American anti-abortion activist (born 1988)

Lila Grace Rose (born July 27, 1988) is an American anti-abortion activist who is the founder and president of the anti-abortion organization Live Action. She has conducted undercover investigations of abortion facilities in the United States, including affiliates of Planned Parenthood Federation of America.

==Early life and education==
Rose was raised in San Jose, California, the third of eight children. She was home-schooled through the end of high school and majored in history at the University of California, Los Angeles. She was raised as Evangelical Protestant and later converted to Roman Catholicism.

== Activism ==
In 2003, at the age of 15, Rose founded the anti-abortion group Live Action and began giving presentations to schools and youth groups. While at UCLA, she partnered with conservative activist James O'Keefe to conduct undercover videos of abortion providers.

Rose has concentrated her activism on Planned Parenthood and National Abortion Federation affiliates in the United States, focusing on the anti-abortion interpretation of the moral and ethical aspects of abortion and financial issues in the abortion industry. She has also highlighted the high abortion rate in the African-American community.

In 2006, Rose, as a college freshman, conducted her first undercover video investigation on abortion at UCLA's Arthur Ashe Student Health and Wellness Center. Her freshman year she also founded the anti-abortion student magazine The Advocate.

In 2007, Rose visited two Planned Parenthood facilities in Los Angeles and recorded undercover videos while purporting to be a 15-year-old girl who had been impregnated by a 23-year-old male who was accompanying her, telling staffers she did not want her parents to find out about the relationship. No employee at either clinic objected to the situation, and a receptionist at one facility "told Rose to say she was 16, because if she was 15, the clinic would have to make a report to the police." Rose has posed as an abortion-seeking teen impregnated by an older man in additional stings at Planned Parenthood clinics in Indianapolis, Bloomington, Tucson, Phoenix and Memphis. According to Politico, "Within the anti-abortion community, Rose has been widely lauded for her undercover investigations into abortion clinics."

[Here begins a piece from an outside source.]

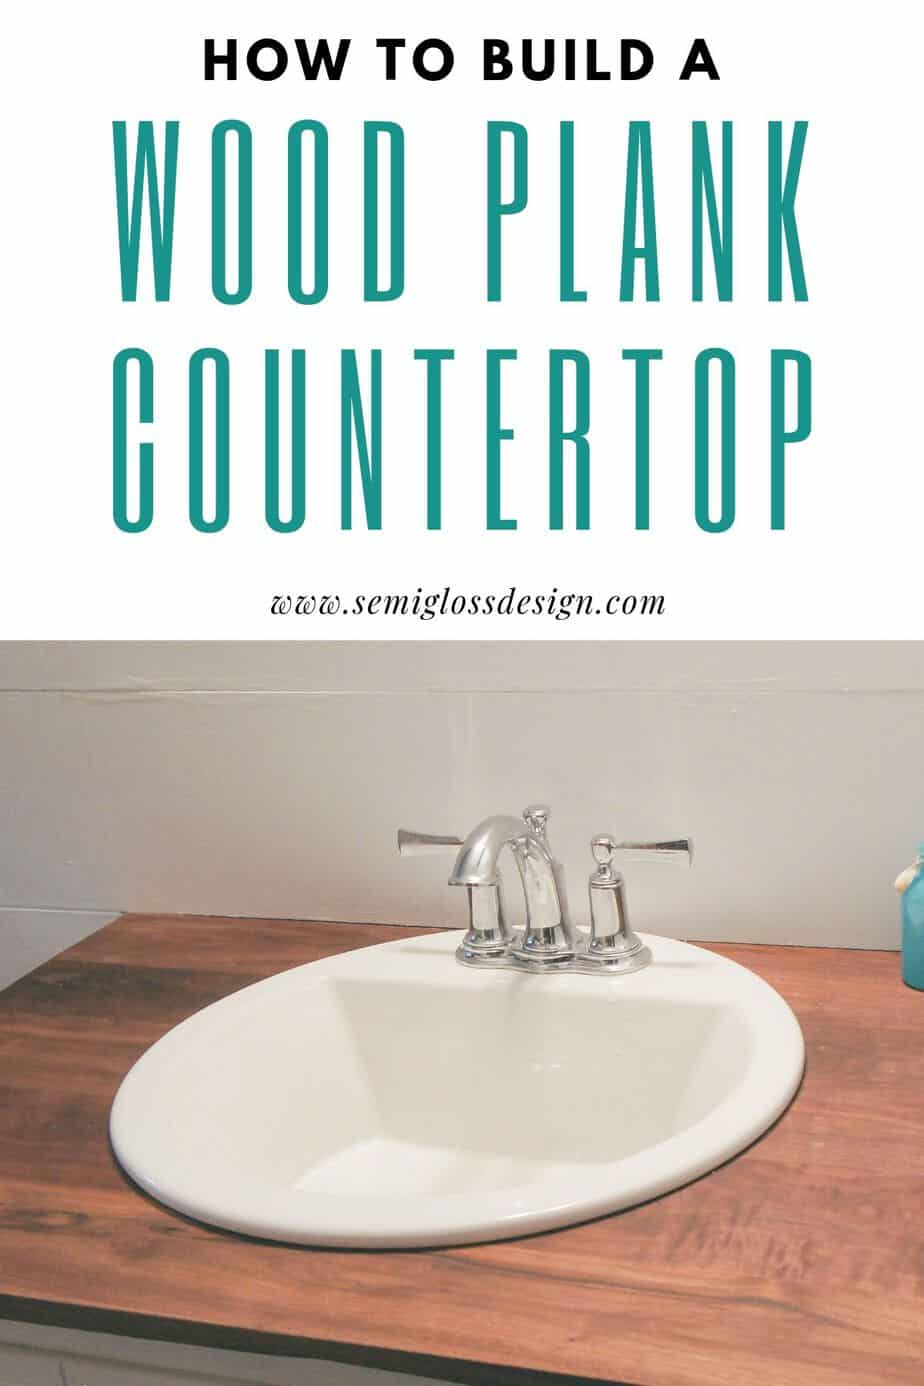 DIY wood plank countertop
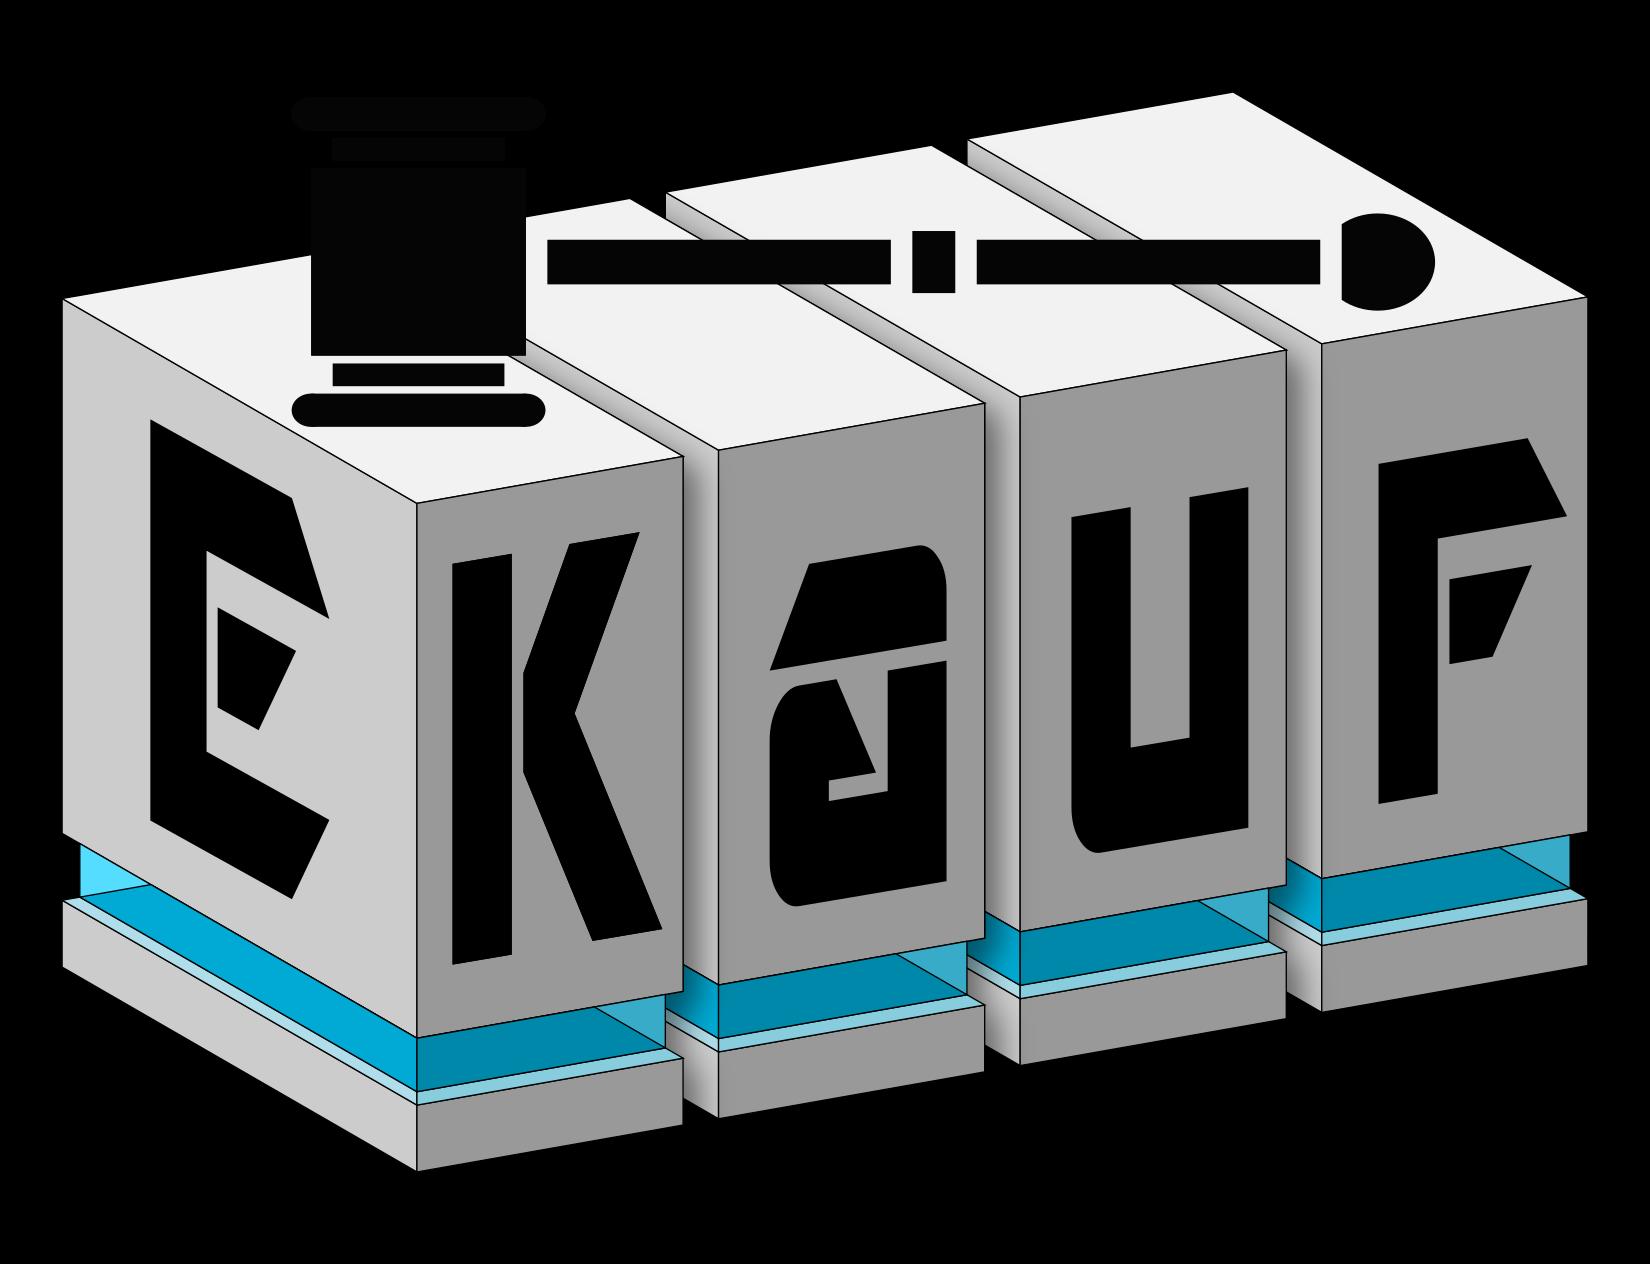 eKauf project

Rose was featured in an Atlantic October 2018 original short documentary, "Meet the Face of the Millennial Anti-Abortion Movement."

In July 2019, Rose addressed the White House "social media summit" alongside President Donald Trump.

Rose has also taken a critical stance on hormonal birth control and intrauterine devices (IUDs). Through social media campaigns and interviews, Rose has made statements regarding the contraceptive methods, alleging they are "massively unhealthy" and contribute to divorce, and a "hookup culture" that can lead to abortion following contraceptive failure despite the lack of scientific evidence supporting these assertions. While medical authorities state that hormonal contraception primarily prevents ovulation, Rose and Live Action have made statements that some forms of hormonal birth control could prevent a fertilized egg from implanting in the uterus, which they consider an abortifacient. This perspective aligns with a broader strategy among some anti-abortion groups to argue for the illegality of certain contraceptives under state abortion bans that define life from the moment of fertilization. Rose has stated that if a contraceptive is "designed as an abortifacient", it should be considered an abortion and therefore illegal in jurisdictions that outlaw abortion.

==Website statements==
In July 2026, attorneys representing 13 women in Idaho who were not allowed abortions for their fetuses with fatal diagnoses sent a letter demanding that the Live Action website and its founder Lila Rose remove "false and defamatory" articles about those women from its website and post a retraction. Several of the women were part of a 2024 lawsuit challenging Idaho's abortion ban, and made public statements about their reasons for opting to end their pregnancies. The Live Action website later posted articles challenging the diagnoses or claiming that they were not dangerous, and claiming the women had other reasons for seeking abortion.

==Accolades==
- 2008: "Person of the Year Malachi Award" from Operation Rescue
- 2008: Awarded $50,000 in the annual "Life Prizes" awards of the Gerard Health Foundation
- 2010: "Young Leader Award" from the Susan B. Anthony List
- 2013: Named to the National Journals list, "The 25 Most Influential Washington Women Under 35"
- 2014: Named to Christianity Todays "33 under 33"

==Personal life==
Rose married her husband, Joe, in 2018 and has three children.

==Publications==
- Fighting for Life: Becoming a Force for Change in a Wounded World (2021)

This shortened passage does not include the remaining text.